Но отец мой вскоре умер, и умерли его слова во мне, — самый короткий и самый лучший урок географии, который я когда-либо получал. И вот я и моя мать стоим перед занавешенными тяжелыми гардинами окнами в гостиной; подобно всем остальным жителям нашего рабочего поселка мы уже закрыли двери на все засовы, когда прямо перед нашими воротами остановились две доверху нагруженные телеги, и мы, завидев первых русских, задрожали от страха и покрылись потом. По крайней мере я. Я ждал, что секунду спустя начнется резня, как за столом Тантала или в ночь Данаид, но увидел только, как два чужих солдата вынесли из соседского дома несколько ведер воды, напоили своих усталых лошаденок и отправились дальше. Итак, жуткие истории отпали. Но одного этого, конечно, было недостаточно, чтобы это самое мгновение стало для меня мигом освобождения или тем более свободы. Напротив, тверже чем когда-либо, я был убежден, что мою славную Германию ждет судьба всех богом избранных стран.

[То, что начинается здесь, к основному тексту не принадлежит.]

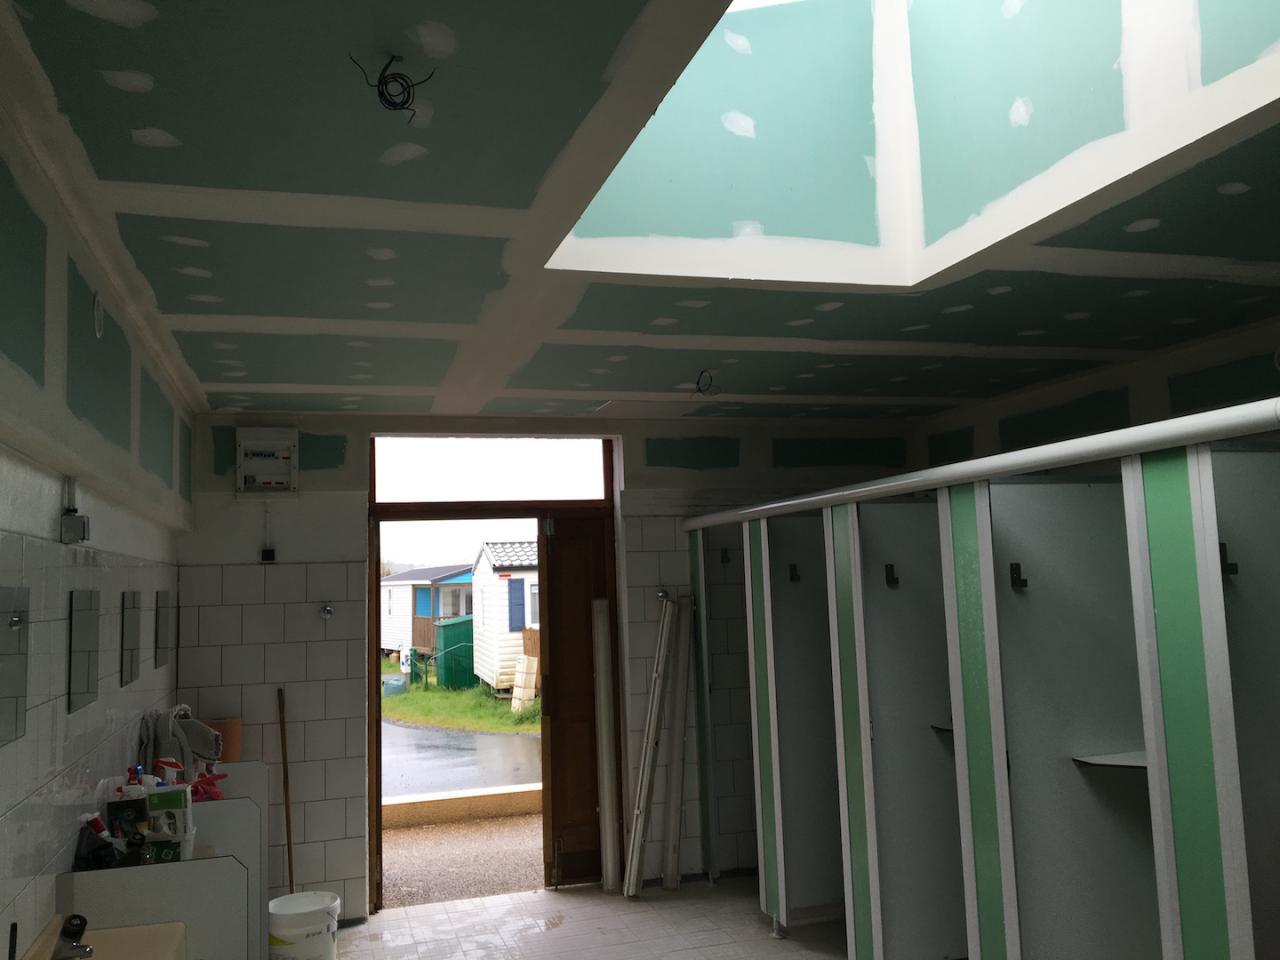 plafond placo hydro doublage hydro habillage puit de jour. Black Bedroom Furniture Sets. Home Design Ideas
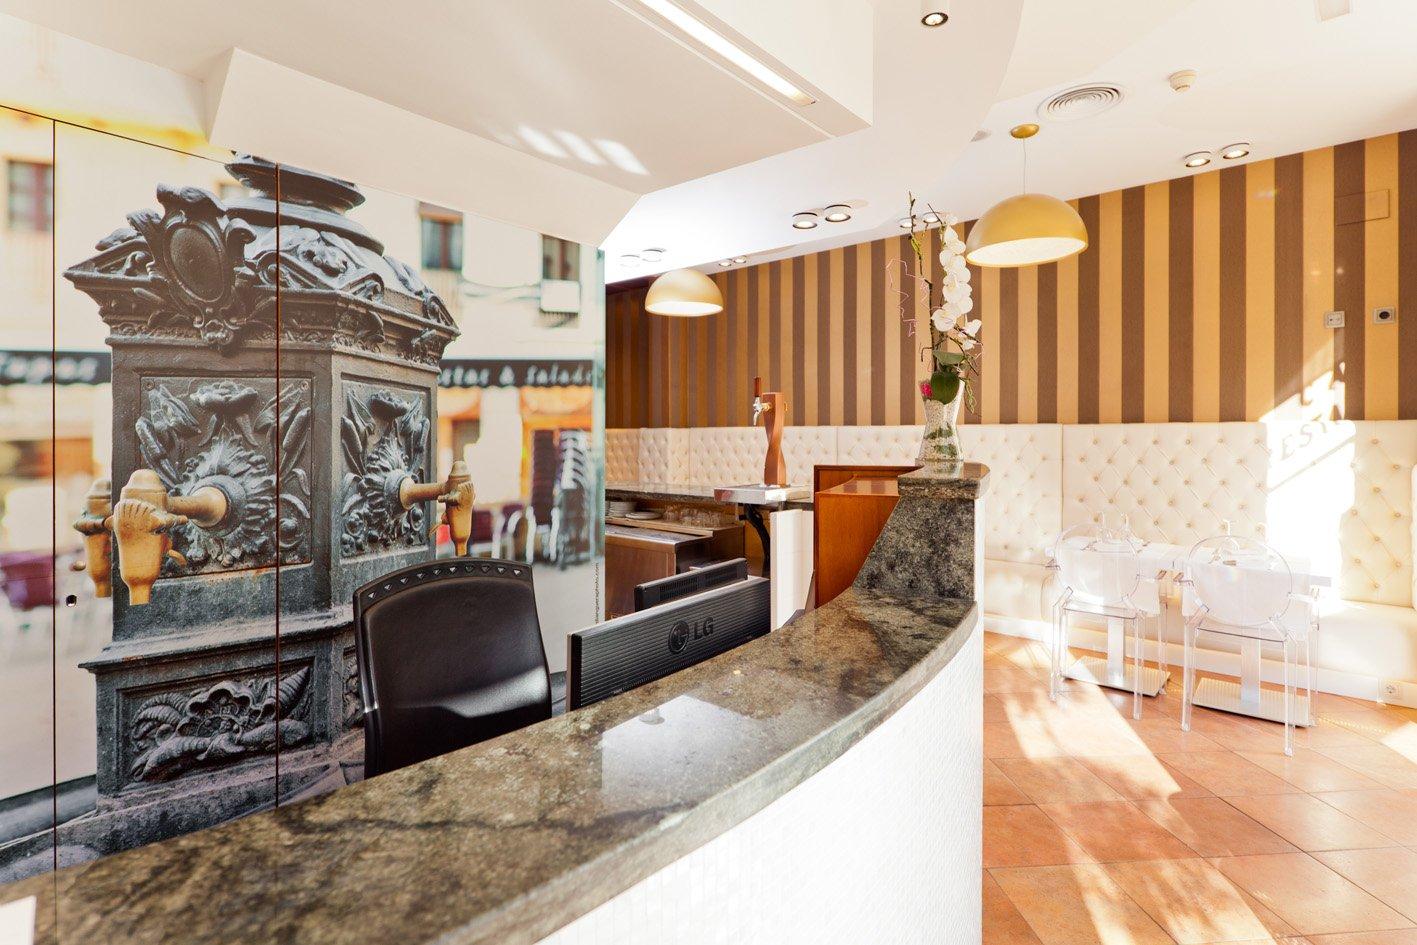 hotel_la_fontnombre_del_documento_20-a41ce8d54344d35c5236c26667f44876

Время тогда было слишком смутным, чтобы я мог серьезно в нем разобраться. Моя мать и я должны были зарабатывать деньги на жизнь, на ведение хозяйства, я бросил школу и жил на случайные заработки: работал в поле, собирал картофель, полол сорняки, шлялся там и сям, вступил в один из вновь открытых спортивных клубов, играл в футбол и гандбол, незадолго до рождества был арестован по подозрению в принадлежности к «Вервольфу», девять месяцев просидел в советской военной тюрьме, симулировал сумасшествие, пытался бежать, был схвачен, в общих камерах меня агитировали ландскнехты и нацисты, пока меня не выпустили на волю, где, бросившись на шею матери, я тут же стал воровать уголь с поездов, спекулировал селедкой, которую я получал в Бременхавене, собрался было в Ганновер, обуянный бредовой идеей о вступлении в Иностранный легион, изучал Библию и пришел, наконец, к одному красному бургомистру, который, после того как я прочел ему цикл стихотворений, переполненных чувством «мировой скорби», заподозрил все же во мне талант и уговорил меня закончить среднюю школу, пообещав «выбить» для этого стипендию от городских властей.